··· PROVIDED DATA ···

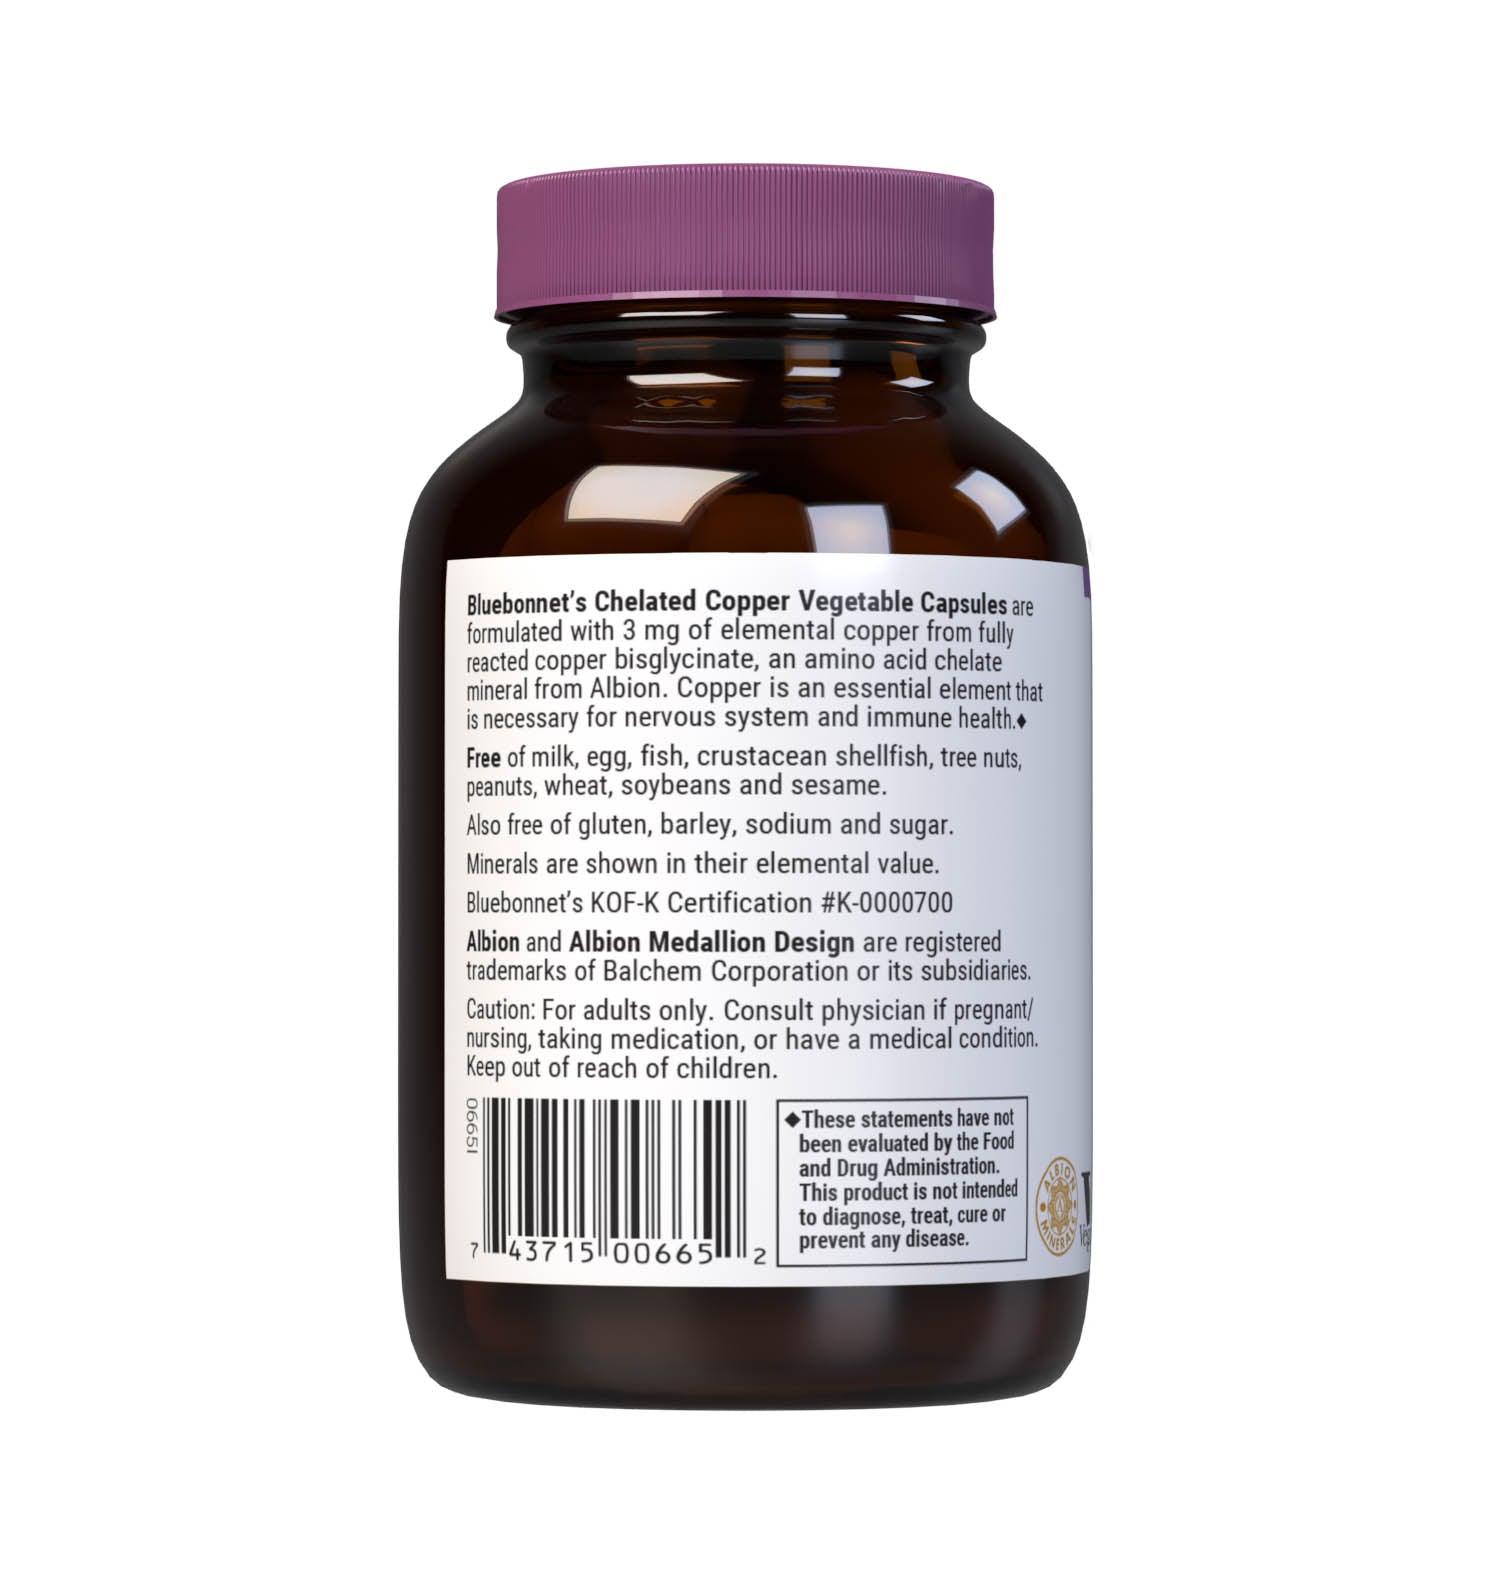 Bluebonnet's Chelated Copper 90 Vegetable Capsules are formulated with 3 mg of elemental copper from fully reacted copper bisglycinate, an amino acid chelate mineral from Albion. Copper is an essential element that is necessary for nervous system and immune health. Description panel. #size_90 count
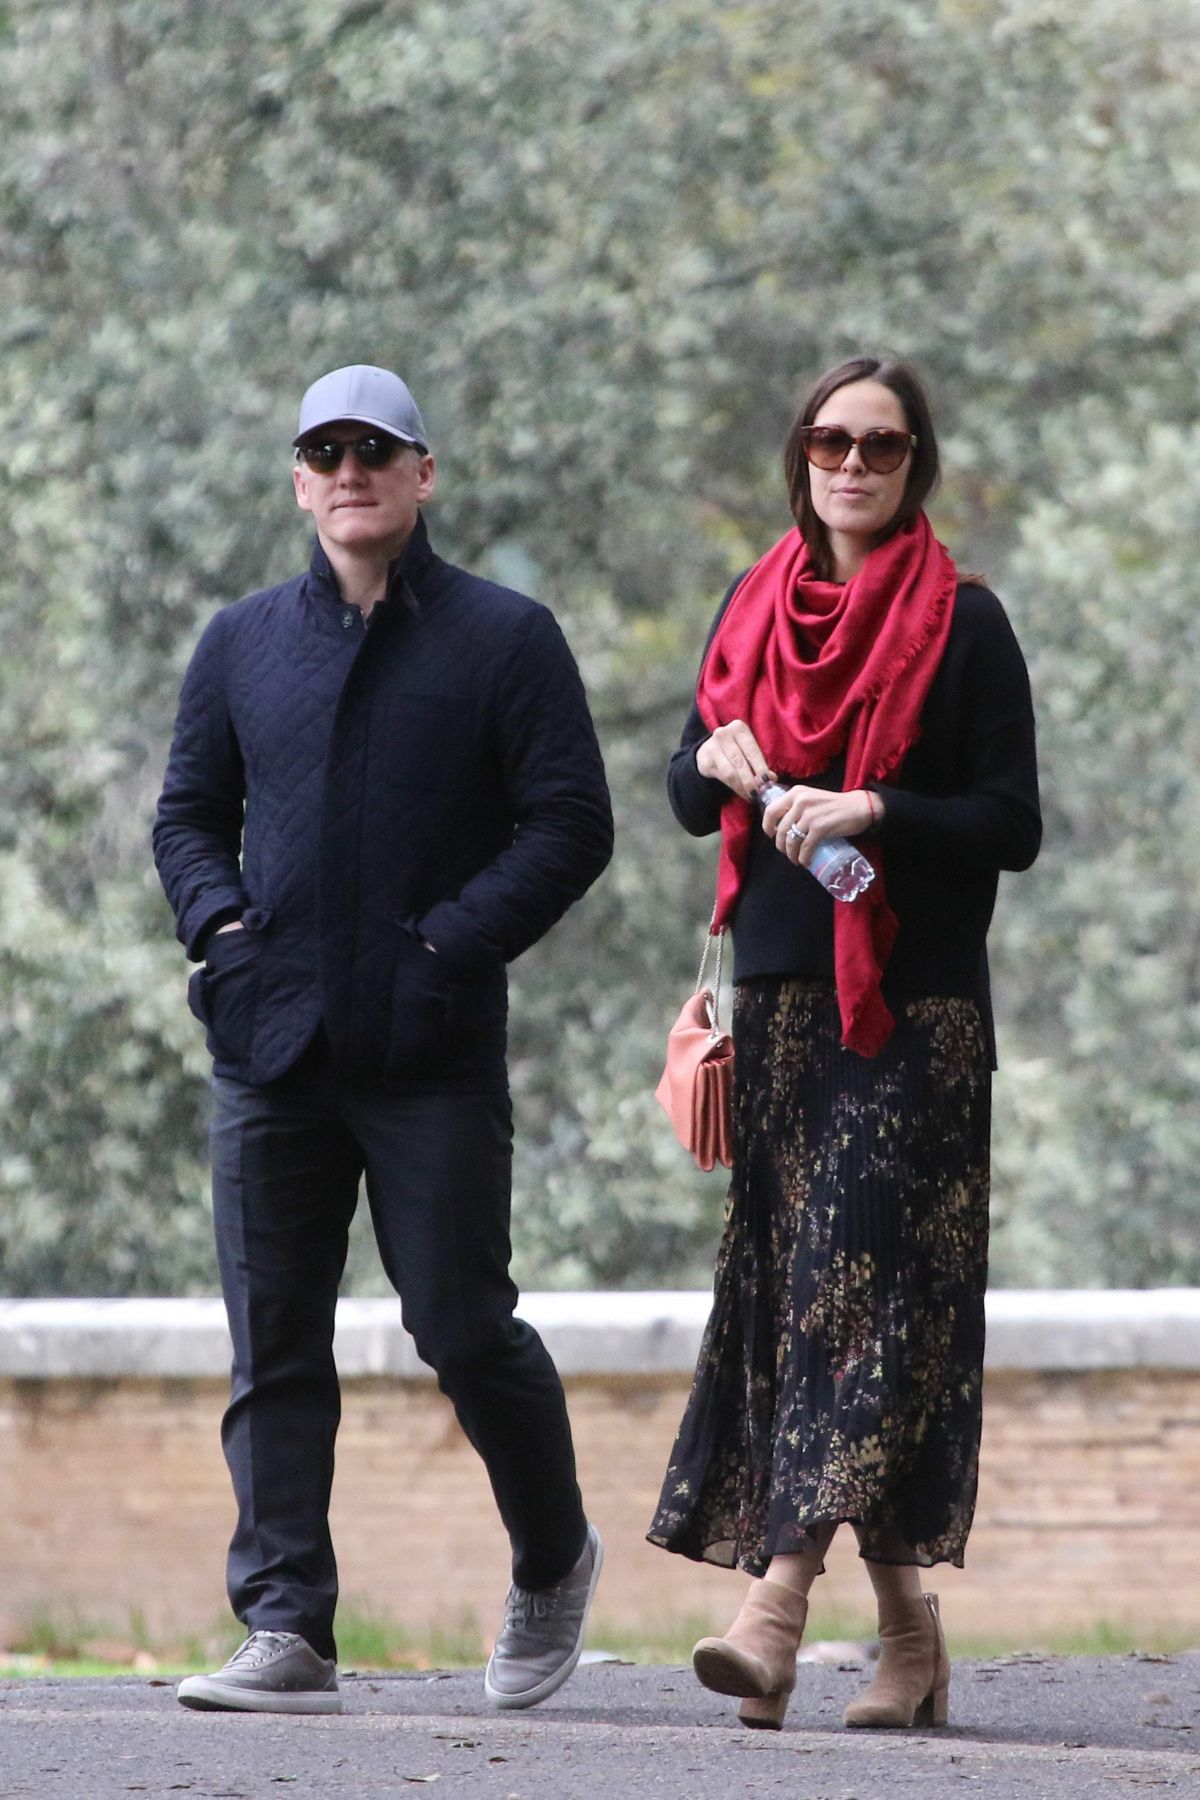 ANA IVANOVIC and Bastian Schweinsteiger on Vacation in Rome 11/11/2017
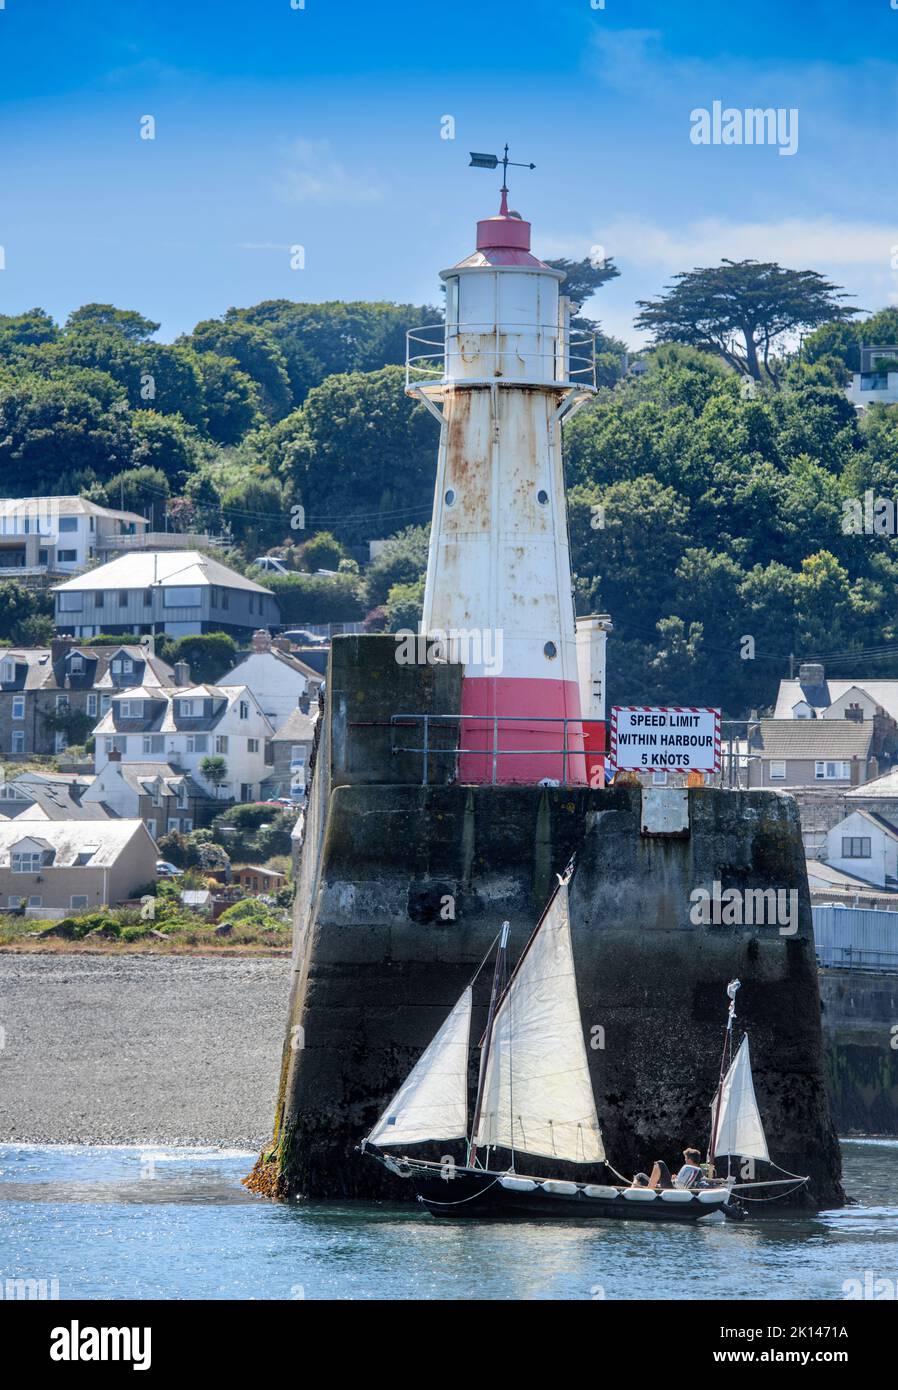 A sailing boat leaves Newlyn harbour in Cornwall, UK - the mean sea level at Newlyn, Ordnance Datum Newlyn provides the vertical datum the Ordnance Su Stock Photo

···

ABOUT THIS TASK:
Leaving out only the pictures, return the material above unchanged.

SOLUTION:
 Bluebonnet's Chelated Copper 90 Vegetable Capsules are formulated with 3 mg of elemental copper from fully reacted copper bisglycinate, an amino acid chelate mineral from Albion. Copper is an essential element that is necessary for nervous system and immune health. Description panel. #size_90 count
 ANA IVANOVIC and Bastian Schweinsteiger on Vacation in Rome 11/11/2017
 A sailing boat leaves Newlyn harbour in Cornwall, UK - the mean sea level at Newlyn, Ordnance Datum Newlyn provides the vertical datum the Ordnance Su Stock Photo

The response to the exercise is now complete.